__Exercise details__
Write out exactly the lines of the entries below from the one holding "Hero haiboku 3" to the one holding "Lateinamerika_heute_Sonderbericht_Chile_Nr_04_005", inclusive, and leave out all other lines.

__Data to process__
┄┄┄┄┄┄┄┄┄┄
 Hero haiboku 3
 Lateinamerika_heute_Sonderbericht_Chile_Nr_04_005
┄┄┄┄┄┄┄┄┄┄
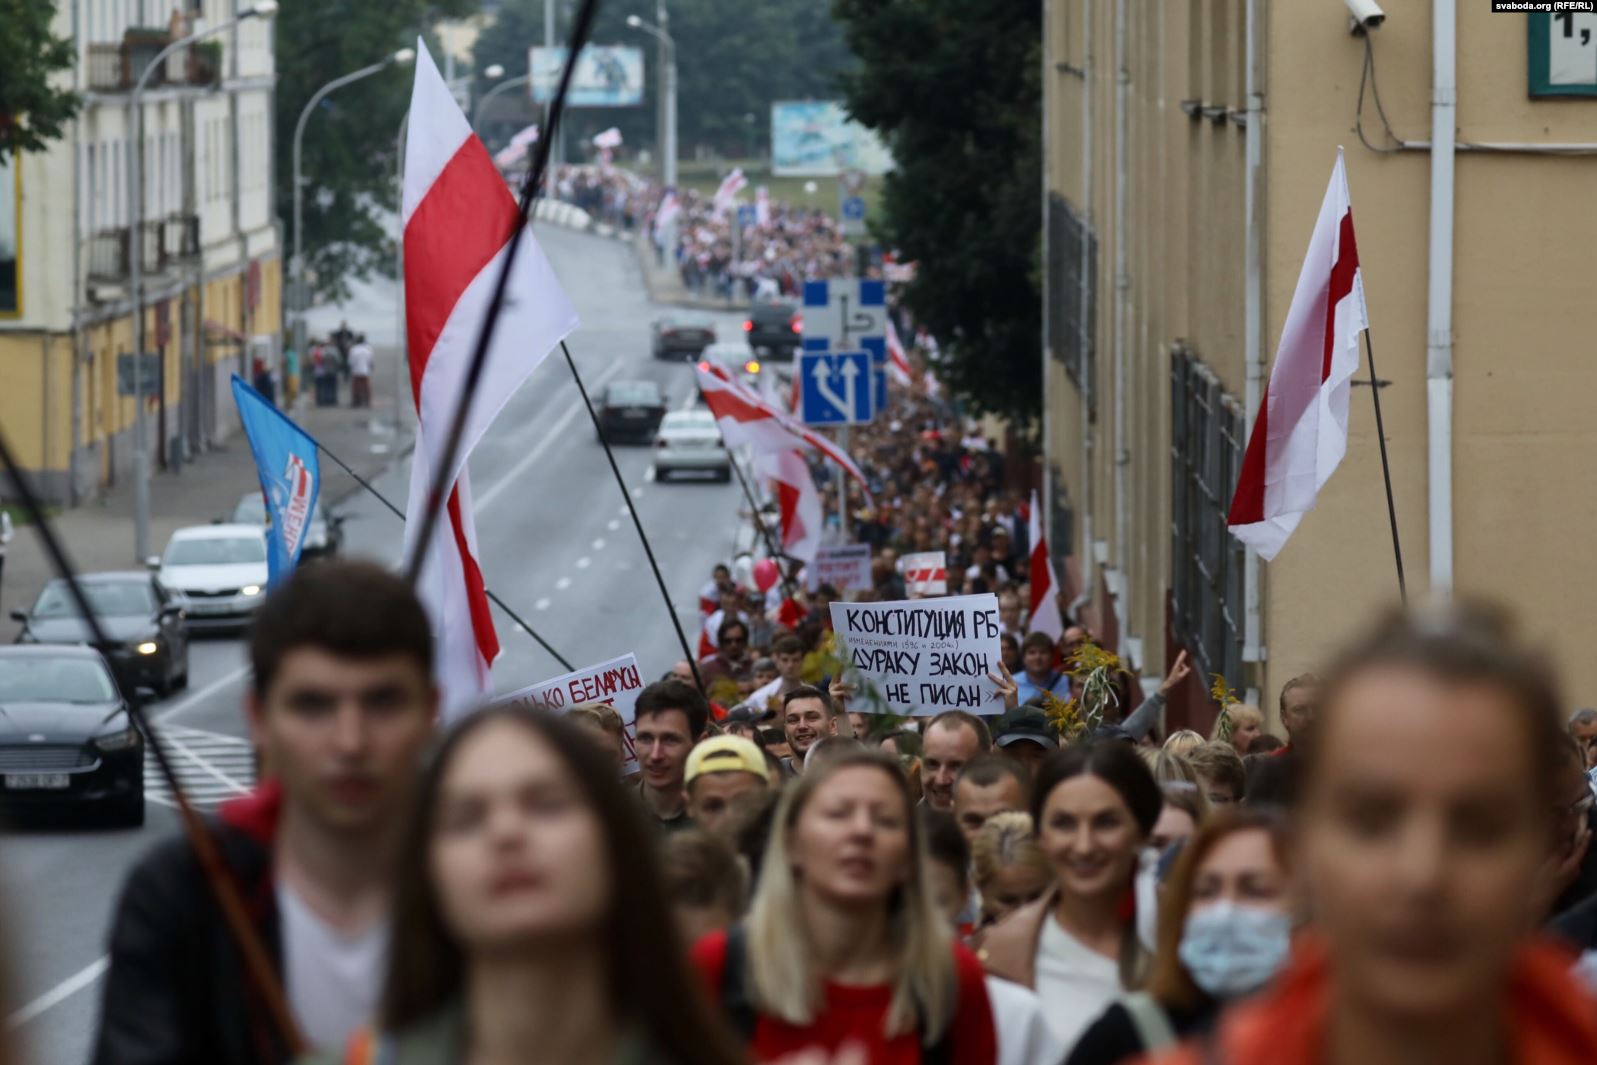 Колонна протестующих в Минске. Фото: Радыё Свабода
┄┄┄┄┄┄┄┄┄┄
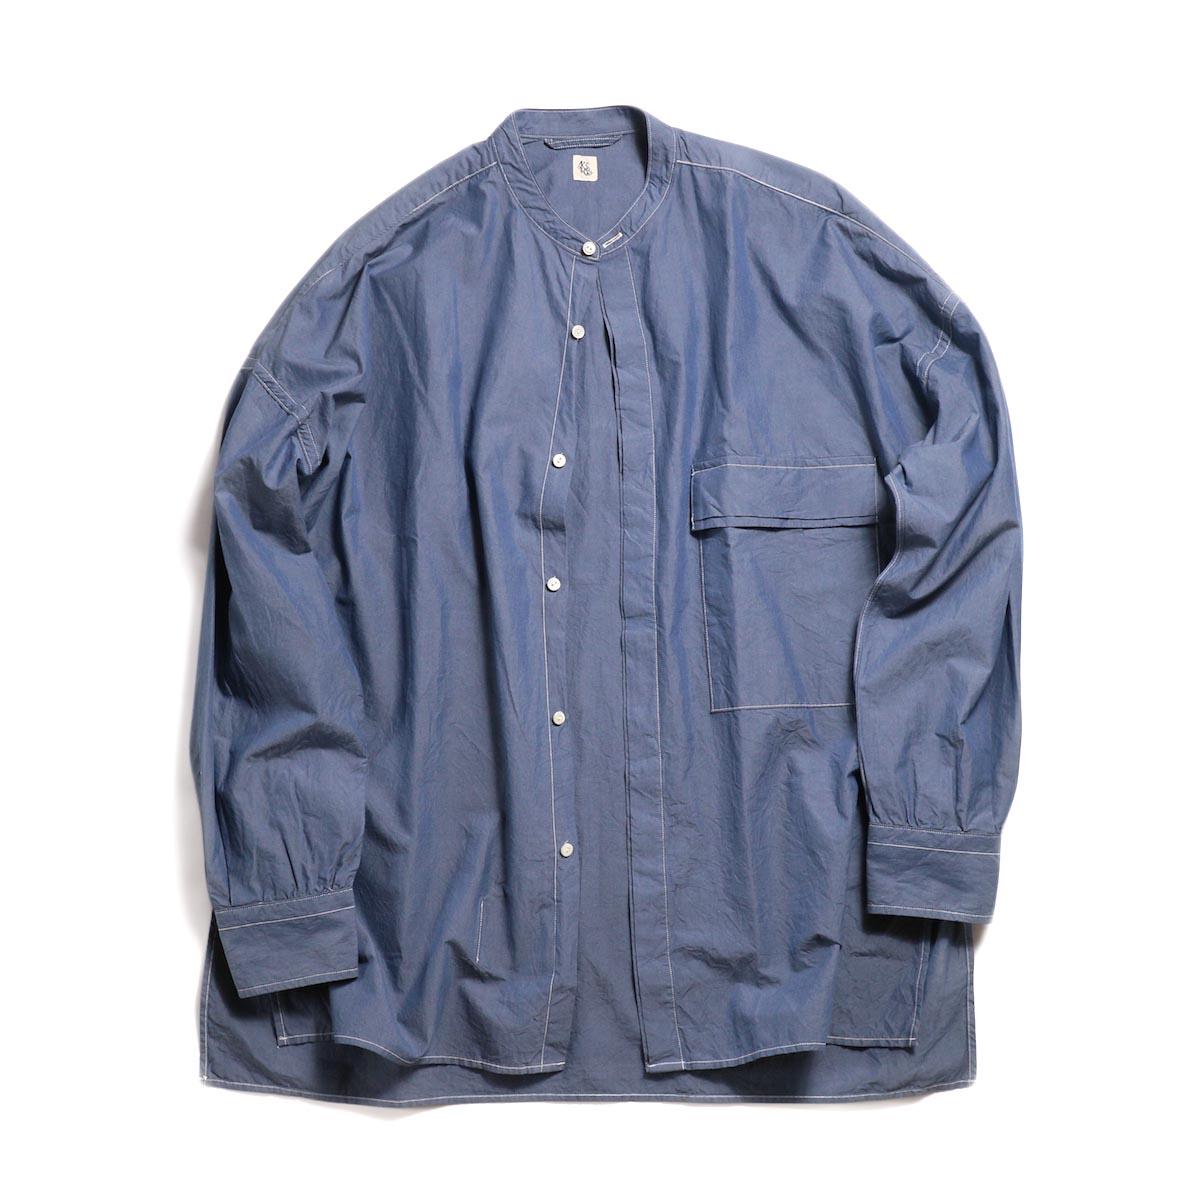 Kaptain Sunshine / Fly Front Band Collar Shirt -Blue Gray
┄┄┄┄┄┄┄┄┄┄
__Solution to this task__
 Hero haiboku 3
 Lateinamerika_heute_Sonderbericht_Chile_Nr_04_005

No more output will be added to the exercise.